This section explores the past, present, and future of technology spend in wealth management.

An extract from The Wealth Mosaic’s recently published white paper, From survival to reinvention: the new playbook for technology spend in wealth management, published in partnership with FA Solutions and IAWMC.

Yesterday — laying the foundations

Covid-19 was a once-in-a-generation shock that exposed the fragility of wealth management’s traditional infrastructure. Before 2020, many firms had postponed digital investment, relying on in-person interactions, physical documentation, and siloed systems. When lockdowns began, those firms were forced into a rapid — and often painful — digital transformation.

Remote enablement

The first wave of spend was directed at enabling remote work and digital servicing. Firms invested in secure collaboration tools, cloud-based productivity suites, and video conferencing capabilities. Advisers who had relied on office-based systems needed secure access from home, while clients demanded virtual access to their portfolios.

Legacy challenges

Legacy IT proved a major barrier. According to PwC’s Digital Banking Survey 2023, a significant proportion of UK wealth managers still operate on more than 10 separate IT systems, many of them incompatible (PwC, 2023). Integration and transformation became unavoidable investment areas.

Compliance drivers

At the same time, compliance costs rose. The FCA’s increased scrutiny on client suitability, reporting, and risk management meant firms had to invest in automated compliance monitoring, document management, and regulatory reporting systems. According to Thomson Reuters’ 2023 Cost of Compliance report, 74 percent of financial institutions globally expected their regulatory compliance budgets to rise year-on-year.

Early cloud adoption

Covid-19 also accelerated the shift to the cloud. Although adoption remained uneven, with many firms reluctant to abandon legacy infrastructure, the scalability and resilience that cloud platforms offered became increasingly attractive. In 2022 McKinsey estimated that financial services firms could reduce infrastructure costs by up to 30 percent through cloud migration.

The continuing push toward automation

Automation became a survival tool. From straight-through processing of transactions to digital onboarding, firms sought efficiency without compromising the personalised service that defines wealth management. The challenge since has been in striking the balance between digital convenience and human trust.

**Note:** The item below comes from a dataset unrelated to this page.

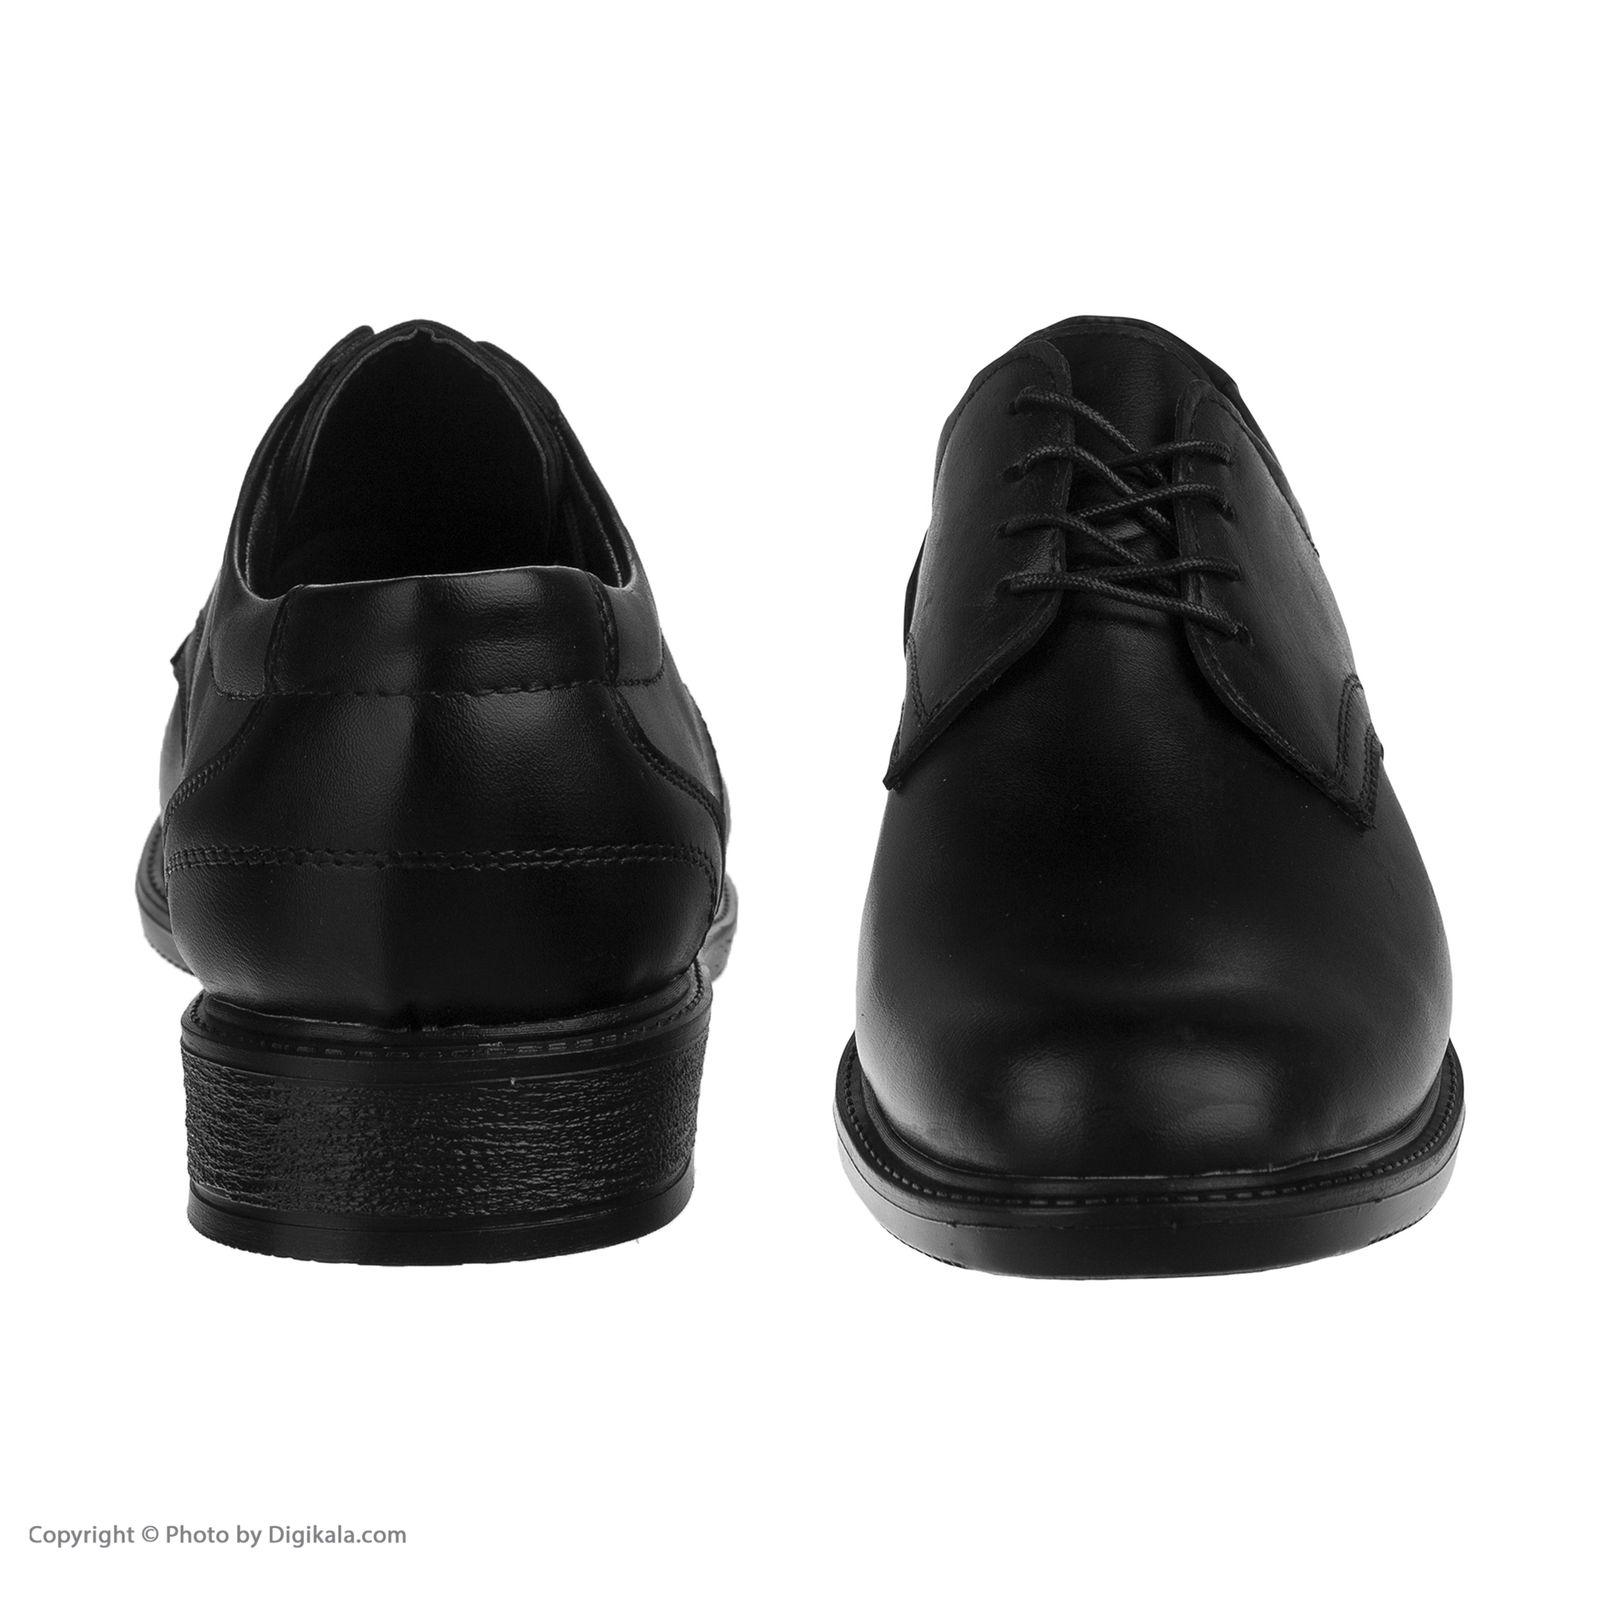 کفش مردانه مدل k.baz.102 -  - 5

In summary, the Covid-19 era marked the transition from ‘technology as overhead’ to technology as essential infrastructure. But most spend during this period was reactive, focused on business continuity rather than strategic growth.

Today — strategic alignment of spend

Fast-forward to 2025, and the narrative around technology investment has shifted significantly. Firms are no longer spending primarily to maintain operations, but to differentiate, grow, and drive ongoing ROI. Indeed, recent research has suggested that IT budgets in wealth management will increase: 79 percent of wealth managers surveyed in 2024 planned to increase their tech budgets that year. Given the potential increase in spend, it is critical to align budgets to areas of greatest potential impact and return.

"Technology has to be agile. It should be easy to update, simple to extend, and ultimately laser-focused on one outcome: delivering a better client experience."

ROI and optimisation of past investments

Executives consistently noted the need to extract maximum value from pandemic-era transformation programmes. Many firms spent heavily between 2020 and 2022 but did not fully realise the benefits. Today’s focus is on optimisation: driving adoption among advisers, integrating data flows, and ensuring platforms deliver measurable returns.

Client-first digital touchpoints

Clients increasingly expect seamless digital experiences. According to Capgemini’s World Wealth Report 2023, 45 percent of high-net-worth individuals globally are dissatisfied with their providers’ digital capabilities. In the UK, wealth managers are prioritising spend on client-facing platforms — from mobile apps to digital dashboards — that deliver real-time insights, personalised advice, and easy transacting.

Adviser enablement

Just as important as client platforms are tools that empower advisers. Digital dashboards, AI-driven risk alerts, and customer relationship management (CRM) systems that integrate behavioural and transactional data, are now core investments. Deloitte’s 2024 Wealth Management Outlook found that firms that deploy advanced analytics see adviser productivity increase by up to 20 percent.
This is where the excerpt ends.